The Solution: Using Array and Ray
To overcome the challenges of embedding a large amount of documents quickly, we utilize Array and the Array Datasets Library. By leveraging the Parallel processing power of multiple GPUs, we can significantly reduce the time required for embedding generation. With the use of Ray, a distributed computing framework, we can distribute the workload across many GPUs, enabling us to complete the process in a matter of minutes.
The Flow of the Embedding Generation Process
Let's take a closer look at the flow of the embedding generation process. The process begins with a set of 2000 PDF documents stored in an S3 bucket. These documents are loaded as bytes and converted into STRING text. Next, the text is split into chunks, which will be transformed into embeddings.
To encode these chunks into vectors, we use a pre-trained embedding model such as a Sentence Transformer model. This ensures that similar pieces of text have similar vector representations. Once we have the embeddings for all 30,000 pages, we can store them in a vector database for later retrieval.

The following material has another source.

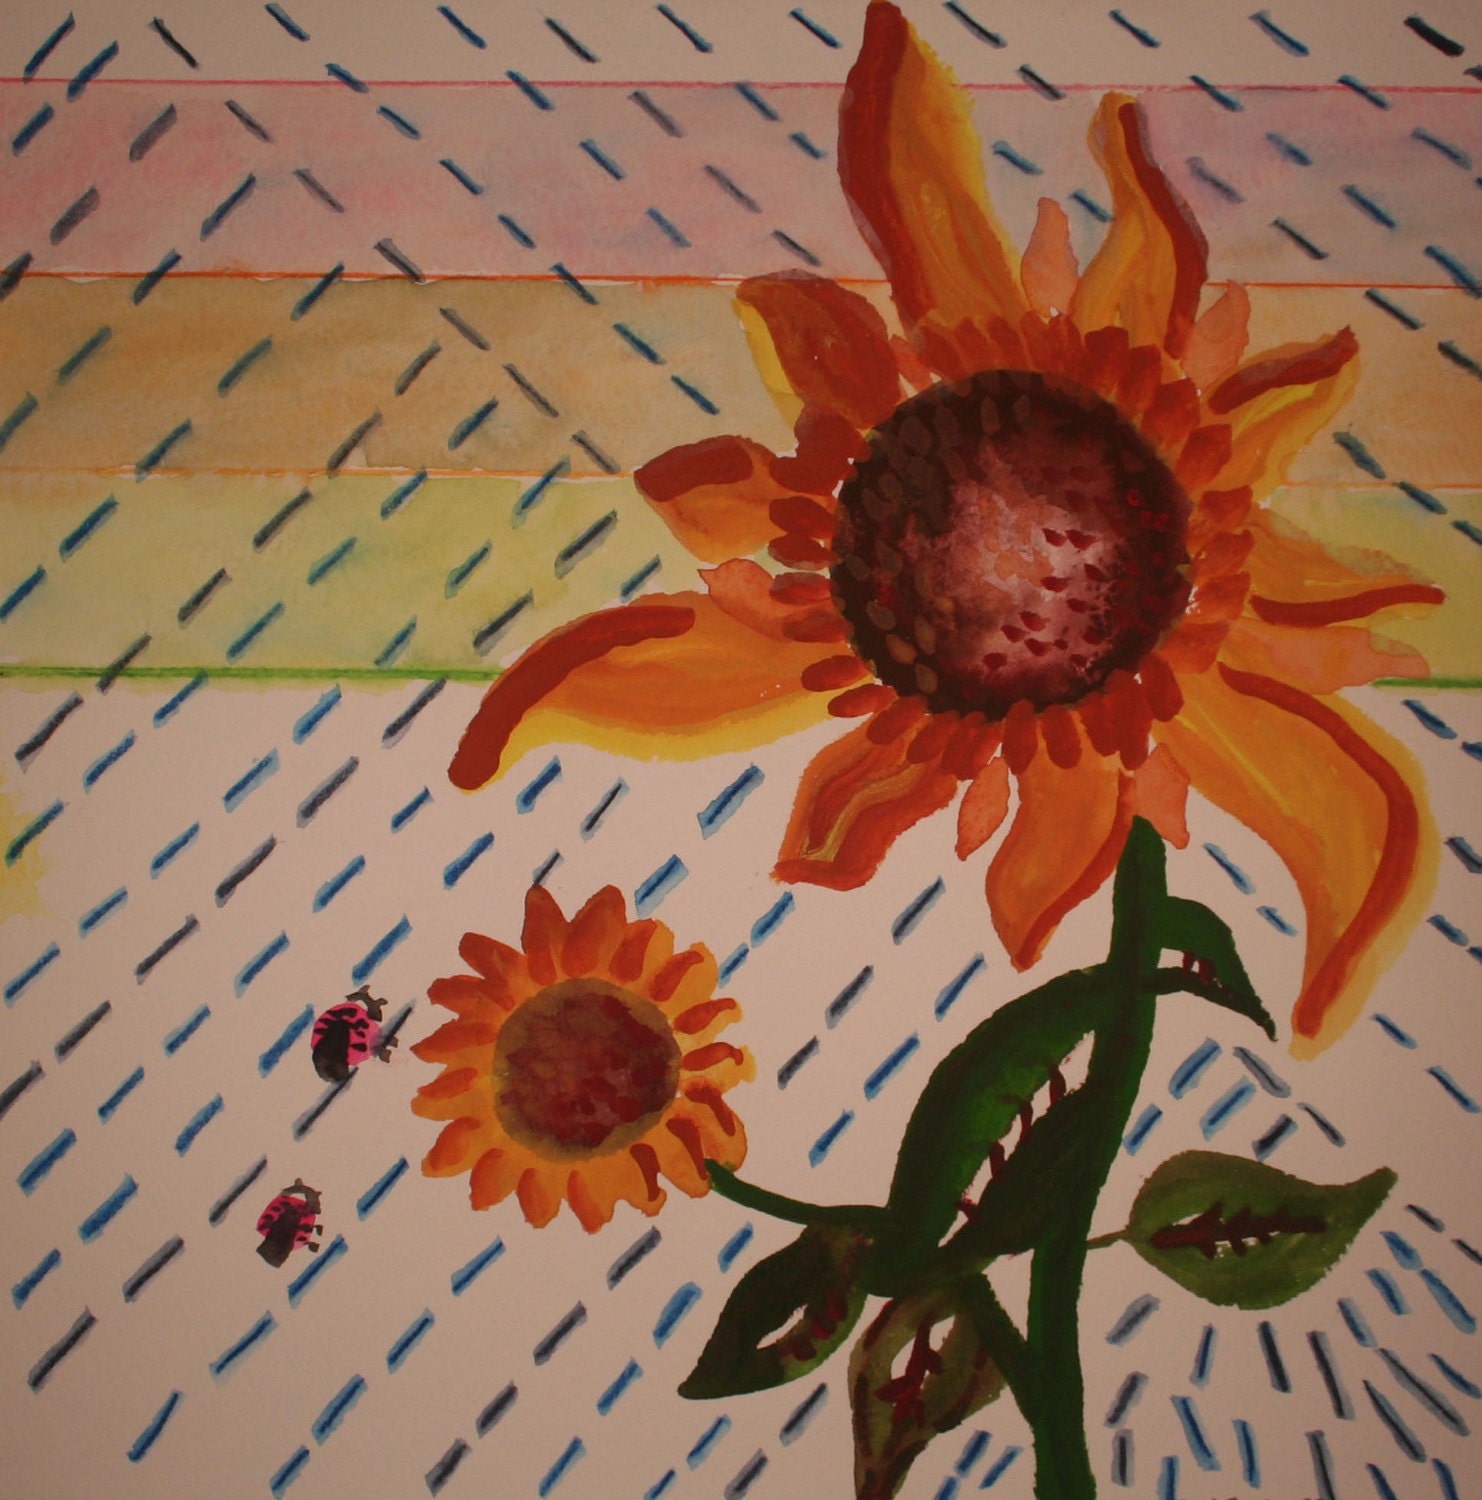 12x12 OOAK Watercolor Painting: Sunflowers in the Rain

This entire process occurs during the offline phase of development. In the online phase, when a user query is received, similar documents are pulled from the vector database, and both the user query and the similar documents are passed as Prompts to the large language model.
Code Walkthrough
Now, let's Delve into the code implementation using the Any Skill platform, a managed version of Ray. However, note that everything showcased here can be accomplished using the open-source Ray cluster launcher as well.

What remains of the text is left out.